Seokjin tak keberatan harus merawat si bungsu sendirian, toh, dia sudah berjanji pada mendiang ibu Jungkook untuk menjaga anak satu-satunya itu. Lagipula, pulang pun takkan membuat Seokjin senang, yang ada, dia kesepian. Ayahnya masih menunggu hingga hari kebebasannya datang, ingat?

"Aku akan sangat merindukan kalian." Jimin dan Hoseok adalah member pertama yang pulang, mereka mengambil jadwal kereta pagi. "Hyeong, jaga Jungkook, ya." Titah Hoseok sembari memeluk sang kakak pertama.

"Hey, jagoan, jaga Seokjin ya. Kau tau kan, Seokjin hyeong takut serangga," Jimin yang tengah berjongkok di depan kursi roda Jungkook terkikik kecil, lalu dia mengusap puncak kepala adiknya dengan sayang. "Kalau rindu, telepon hyeong, oke?"

"Siapa juga yang rindu," ledek Jungkook, seperti biasa, takkan pernah bosan untuk membully Park Jimin.

"Eyy, dasar nakal,"

Hoseok dan Jimin kemudian memeluk satu-per-satu member. Ada terselip rasa sedih di tengah kebahagiaan yang muncul sebab pada akhirnya mereka akan kembali bertemu keluarga mereka. Namun, bukankah Bangtan sudah menjadi keluarga mereka juga? Itulah sebabnya, Jung Hoseok mulai menangis saat memeluk tubuh kurus Yoongi, entah kenapa.

"Astaga, Hoseok-ah, kau menangis seperti kita takkan bertemu lagi. Tenanglah, aku dan Jungkook akan selalu di dorm. Kau bisa kembali ke sini jika rindu, kalian juga, silahkan saja. Toh, pintu gedung agensi akan selalu terbuka untuk kita. Sudah, sudah, jangan menangis."

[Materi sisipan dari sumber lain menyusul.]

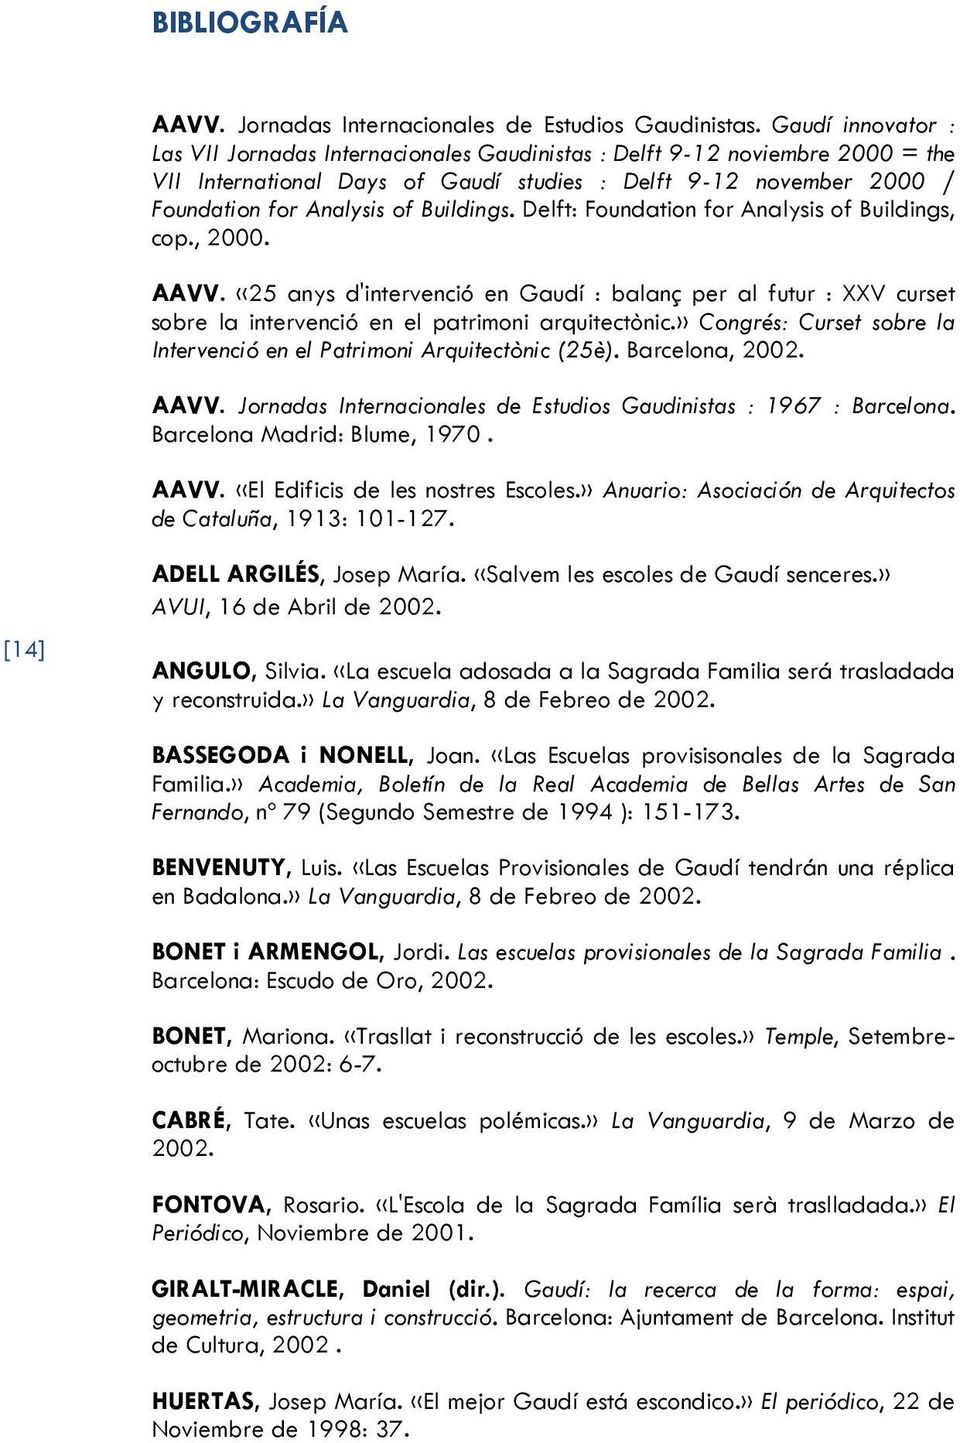 Buildings. Delft: Foundation for Analysis of Buildings, cop., 2000. AAVV. «25 anys d'intervenció en Gaudí : balanç per al futur : XXV curset sobre la intervenció en el patrimoni arquitectònic.

"Cengeng sekali sih, kakakmu itu," komentar Taehyung dengan datar pada Park Jimin yang sudah siap memeluknya.

"Hatinya itu terlalu lembut, Taehyung-ah. Oh iya, kapan kau kembali?" Ada rasa sesal setelah Jimin melayangkan pertanyaan itu, ia menangkap jelas perubahan raut Taehyung yang menyendu. "Hey, percaya padaku... Ayahmu akan memakluminya. Ayahmu akan mengerti, kenapa pada malam itu kau memilih kembali pada kami ketimbang keluargamu."

"Aku harap begitu,"

Jimin mengusap singkat rambut Taehyung, lalu memeluk sahabatnya, menepuk-nepuk punggungnya untuk beberapa detik. Semuanya tau, kedua sahabat itu pasti sulit sekali berpisah, walau hanya sementara.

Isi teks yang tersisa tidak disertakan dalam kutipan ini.